I have been looking around for an upgrade of my current 450D bodies for some time now.
First one, then two 450Ds have been in my ownership since the release in 2008. I learned a lot from them, but I think I'm ready to step up.

I will visit Florida this summer for a two week trip. Things I miss about the 450D are the colours and details. I’m afraid I will be disappointed by something that could have been prevented.



Two bodies I'm still fighting with; the 7D and 6D.
These are actually very different from eachother, but I find the desicion hard.

I really like the 6D. It's something totally different (fullframe) and I can start to learn new things. The 16-35 is usually my walk-a-round lens, which would become quite wide. Is this fun in Florida, or is even the 35mm impractical without the crop-factor? Another advantage is the SD-capability. I wouldn't have to buy new cards as the 450D uses SDs too.
One camera 'below' the 6D seems to be the 7D, in my opinion. It does have a faster AF-system and a higher frame rate. But how much of an upgrade is it from my 450D? Advantages of the 7D are of course the crop-factor and the lower price (1699€ vs. 1049€ after cash back).

Which one would you pick and why?
I actually shoot all kind of things. The main focus for now is Florida, but I do shoot some sports sometimes. But even the 6D seems like an upgrade regarding sports compared to my 450D.
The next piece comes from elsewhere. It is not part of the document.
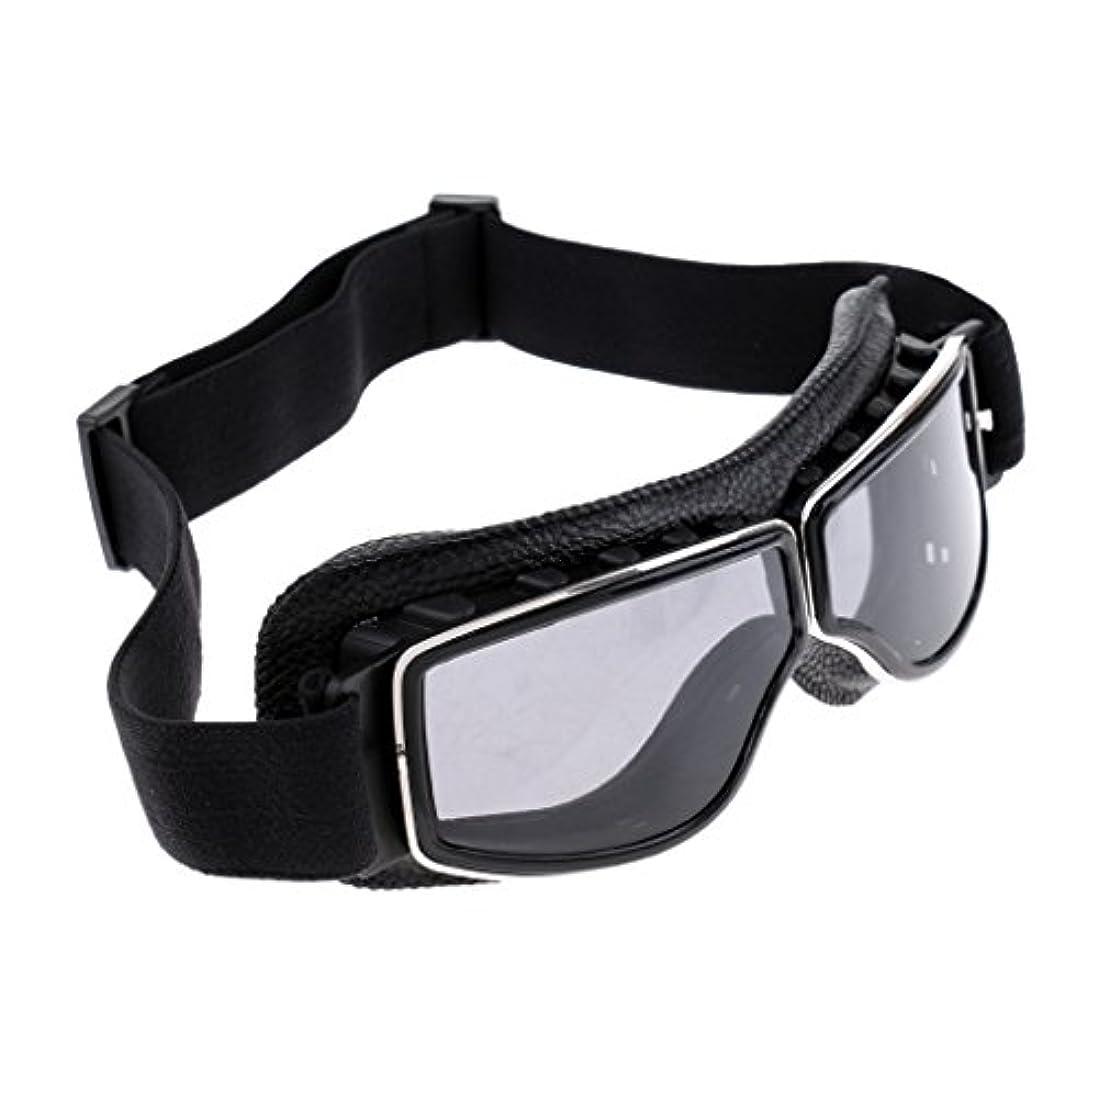 不足並外れた航海のmonkeyjackヴィンテージバイクバイカーゴーグル調節可能UV保護アウトドアメガネ防風防塵安全ゴーグル

A small list of my current gear could be useful;
- 16-35mm f/2.8L II
- 50mm 1.8
- 70-200mm f/2.8
- 580EX II

Thank you very, very much for any input.

Kind regards,
Jerome


----------



## Dylan777 (Jun 30, 2013)

With your current gear: "450D + grip 2x, 16-35 f2.8L II, 70-200 f2.8L, 50 f1.8, 580EX-II", I would go with 6D.

6D will be a huge step up from 450D. You will see big improvement in IQ and so much better in high ISO. Your lenses are setup for FF. I doubt you would use that 580EX again once you acquire FF.

7D is a great outdoor camera, shooting fast moving subject. Not so much for indoor.

Be prepare to sell your 450D. Most people end up selling their crop after shooting with FF ;D


----------



## brad-man (Jun 30, 2013)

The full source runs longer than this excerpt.